In the final chapters of the impressive and important Studies in Mutualists Political Economy, Kevin Carson gives his readers an introduction to the Mutualist program of Gradualism.  It is important to understand that the concerns of the gradualist program is to dissolve the State while doing as little harm to the subject population as possible and, hopefully, protecting them from the violent death throws predicted to accompany the end of the ruling elites privileged position.  This places Kevin Carson, by my lights, in the pro-politics edge of our scale.

“The problem with this line of argument is that the State is an instrument of exploitation by a ruling class. And exploiters cannot, as a group, be ethically “educated” into abandoning exploitation, because they have a very rational self-interest in continuing it. Coleman McCarthy can conduct “peace studies” classes, and quote Tolstoy and “the Rabbi Christ” till he’s blue in the face, but it isn’t likely to persuade a majority of the ruling class that they’d be better off working for a living.

If most ordinary people simply withdraw consent and abandon the political process altogether, the ruling class will just drop the pretense of popular control and resort to open repression.
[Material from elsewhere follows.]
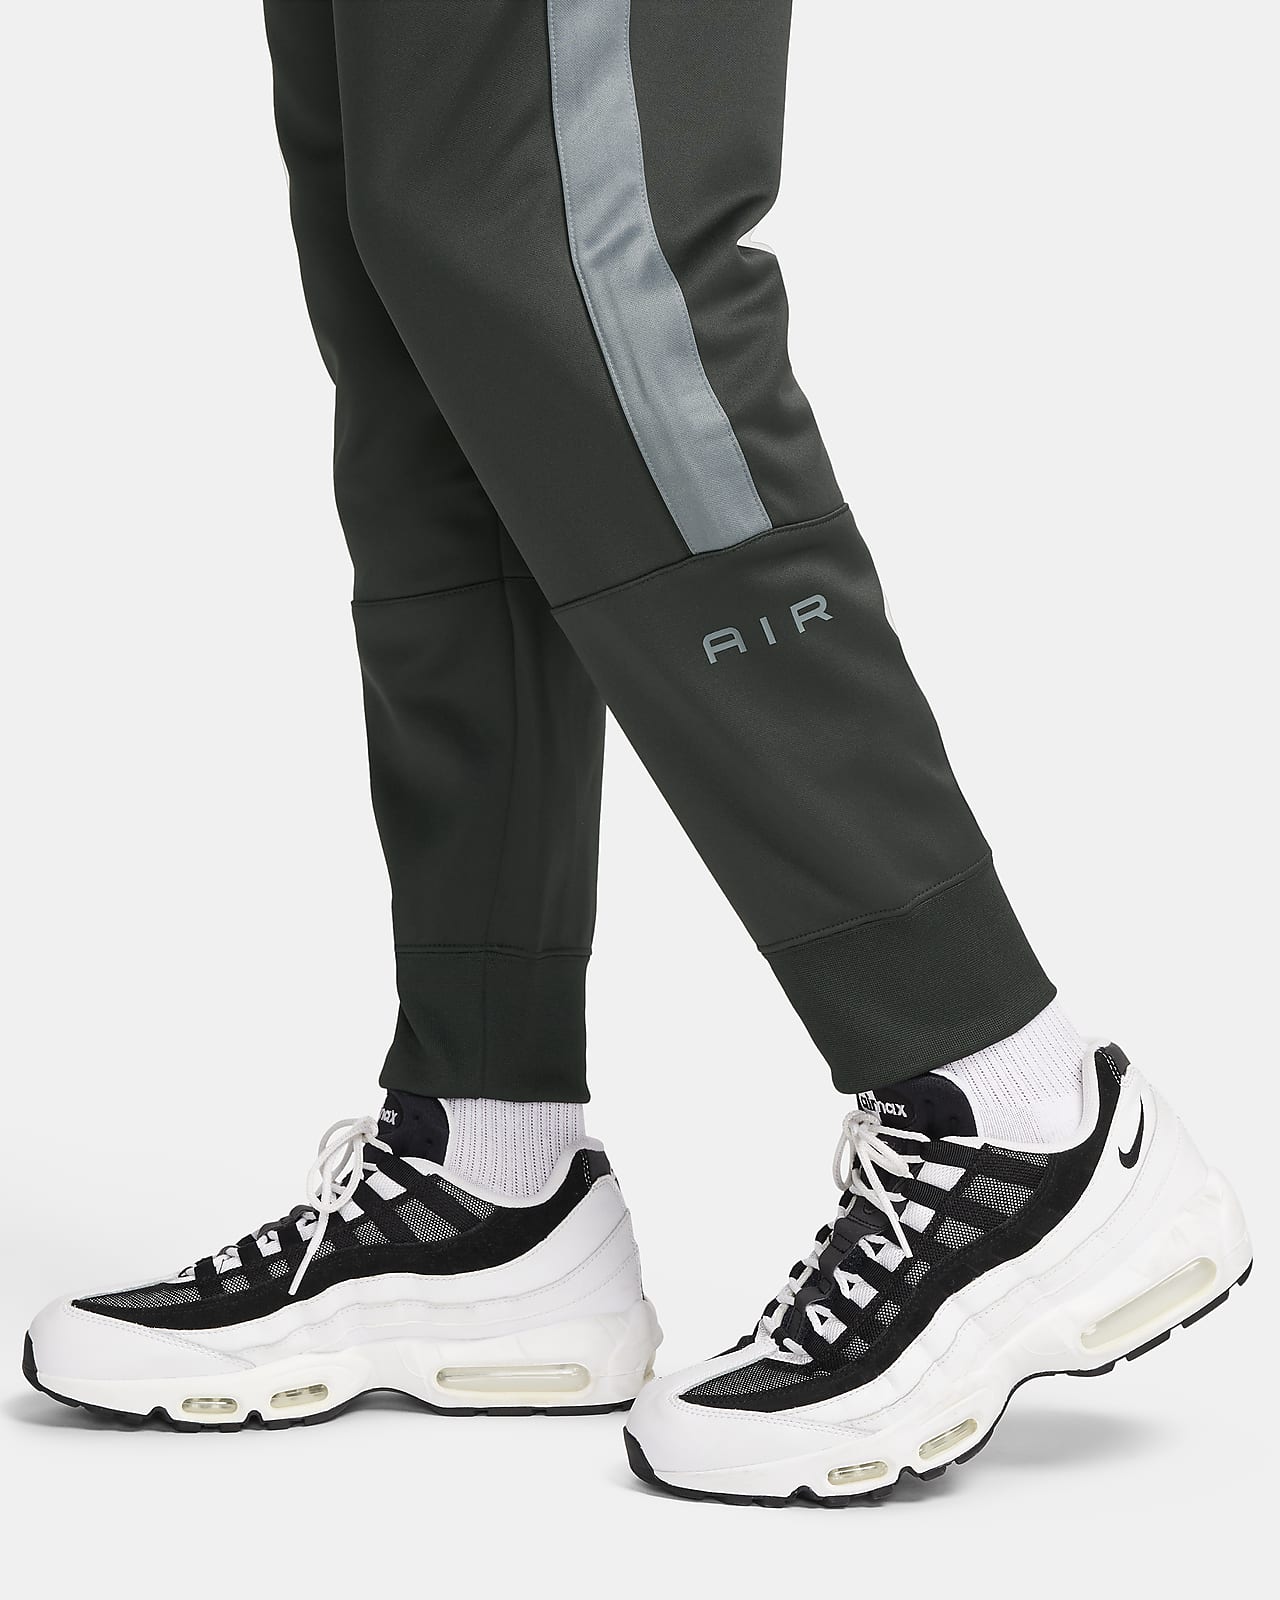 Le meilleur pantalon de running Nike. Nike LU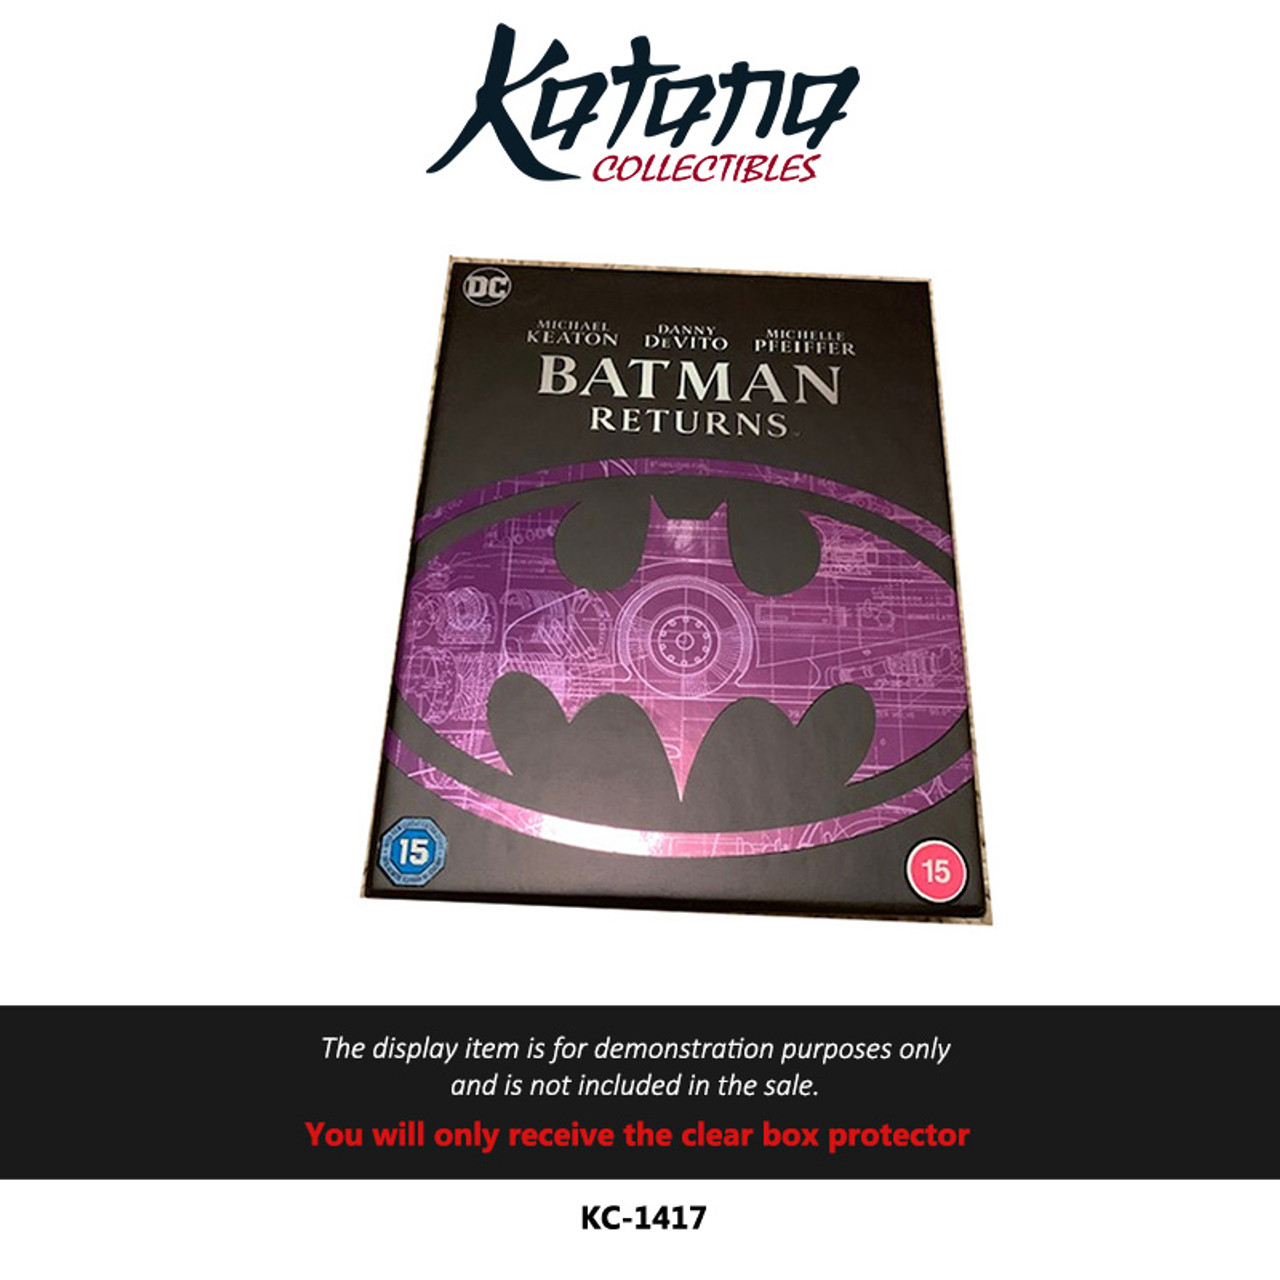 Katana Collectibles Protector For Batman Returns

So long as they control the State apparatus, a small minority of dupes from the producing classes, along with well-paid police and military jackboots, will enable them to control the populace through terror. A majority of Italian workers may have supported the factory occupations of 1920, but that didn’t stop the blackshirts, paid with capitalist money, from restoring the bosses’ control.

In For Community, a pamphlet on Gustav Landauer, Larry Gambone argued that it was no longer possible merely to act outside the State framework while treating it as irrelevant. To do so entailed the risk that “you might end up like the folks at Waco.” An “anti-political movement to dismantle the State” was necessary.22

At some point, before the final dissolution of the State, its mechanism must be seized and it must be formally liquidated.” –Kevin Carson, Studies in Mutualists Political Economy page 319.

I hope that you have enjoyed this tour of obscure and contemporary anarchists and their varied relationships with the institutions of political power.  I would like to stress, if I may, that between the two, often feuding, camps of pro-politics and anti-politics, that we remember their expressed reasons for their positions.  All anarchist hope and work for an end to State violence directed towards spontaneous and free humanity.  All are sensitive to every freedom lost and every freedom unexercised.

I find both positions compelling and inspiring.  I look to the anti-politicians like Henry Addis, Benjamin R. Tucker and Carl Watner for strength; their commitment to living their values now and accepting the hardships that accompany a systematic withdrawal from State infected life and culture.

And I look to the pro-politicians like Dr. Gertrude B. Kelly, Victor Yarros and Kevin Carson for compassion; their sensitivity to the perils and hardships that will inevitably be faced by humanity during the State’s disintegration.

It is my belief that a robust anarchist movement needs both positions equally (dialectically equal); that both represent the core values of what anarchism is and desperate to achieve.  We need to continue pushing forward, breaking new ground on new counter-institutions, reducing the crippling hierarchies of the State and ending the violence that maintains it, but we must not forget that that aggression, those hierarchies bows backs and breaks legs.  We need to remember to show people that they can live free, help them to let go of their bonds and protect them from those final moments when the State, realizing its end, tries to take away our future.